Stored items from a collection:

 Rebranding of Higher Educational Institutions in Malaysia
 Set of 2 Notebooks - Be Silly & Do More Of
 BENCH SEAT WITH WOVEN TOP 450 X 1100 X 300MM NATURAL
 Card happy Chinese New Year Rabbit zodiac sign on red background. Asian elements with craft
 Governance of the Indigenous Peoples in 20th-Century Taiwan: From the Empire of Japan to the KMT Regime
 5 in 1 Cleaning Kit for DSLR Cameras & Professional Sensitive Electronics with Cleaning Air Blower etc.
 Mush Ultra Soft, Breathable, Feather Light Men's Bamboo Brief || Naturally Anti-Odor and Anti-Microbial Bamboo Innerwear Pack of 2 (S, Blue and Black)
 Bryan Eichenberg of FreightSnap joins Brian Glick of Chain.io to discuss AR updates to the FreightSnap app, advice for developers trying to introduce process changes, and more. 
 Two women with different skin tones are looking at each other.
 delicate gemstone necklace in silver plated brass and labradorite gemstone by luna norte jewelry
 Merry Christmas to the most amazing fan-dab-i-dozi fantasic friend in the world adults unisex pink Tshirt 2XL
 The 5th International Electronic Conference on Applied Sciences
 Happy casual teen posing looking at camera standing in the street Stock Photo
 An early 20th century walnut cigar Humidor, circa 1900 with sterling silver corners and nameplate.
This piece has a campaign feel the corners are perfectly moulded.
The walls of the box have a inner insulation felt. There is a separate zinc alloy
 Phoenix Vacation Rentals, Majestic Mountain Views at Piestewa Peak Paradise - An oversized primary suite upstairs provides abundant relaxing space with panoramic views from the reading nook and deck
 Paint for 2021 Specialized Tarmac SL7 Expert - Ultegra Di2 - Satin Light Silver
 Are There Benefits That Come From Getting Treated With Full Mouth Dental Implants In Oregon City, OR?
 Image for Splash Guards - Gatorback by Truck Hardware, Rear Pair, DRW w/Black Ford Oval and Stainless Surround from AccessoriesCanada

EXERCISE REQUIREMENTS: Each line, starting with the one containing "This piece has" and ending with the last line of the records above, should be reproduced exactly.

EXERCISE ANSWER:
This piece has a campaign feel the corners are perfectly moulded.
The walls of the box have a inner insulation felt. There is a separate zinc alloy
 Phoenix Vacation Rentals, Majestic Mountain Views at Piestewa Peak Paradise - An oversized primary suite upstairs provides abundant relaxing space with panoramic views from the reading nook and deck
 Paint for 2021 Specialized Tarmac SL7 Expert - Ultegra Di2 - Satin Light Silver
 Are There Benefits That Come From Getting Treated With Full Mouth Dental Implants In Oregon City, OR?
 Image for Splash Guards - Gatorback by Truck Hardware, Rear Pair, DRW w/Black Ford Oval and Stainless Surround from AccessoriesCanada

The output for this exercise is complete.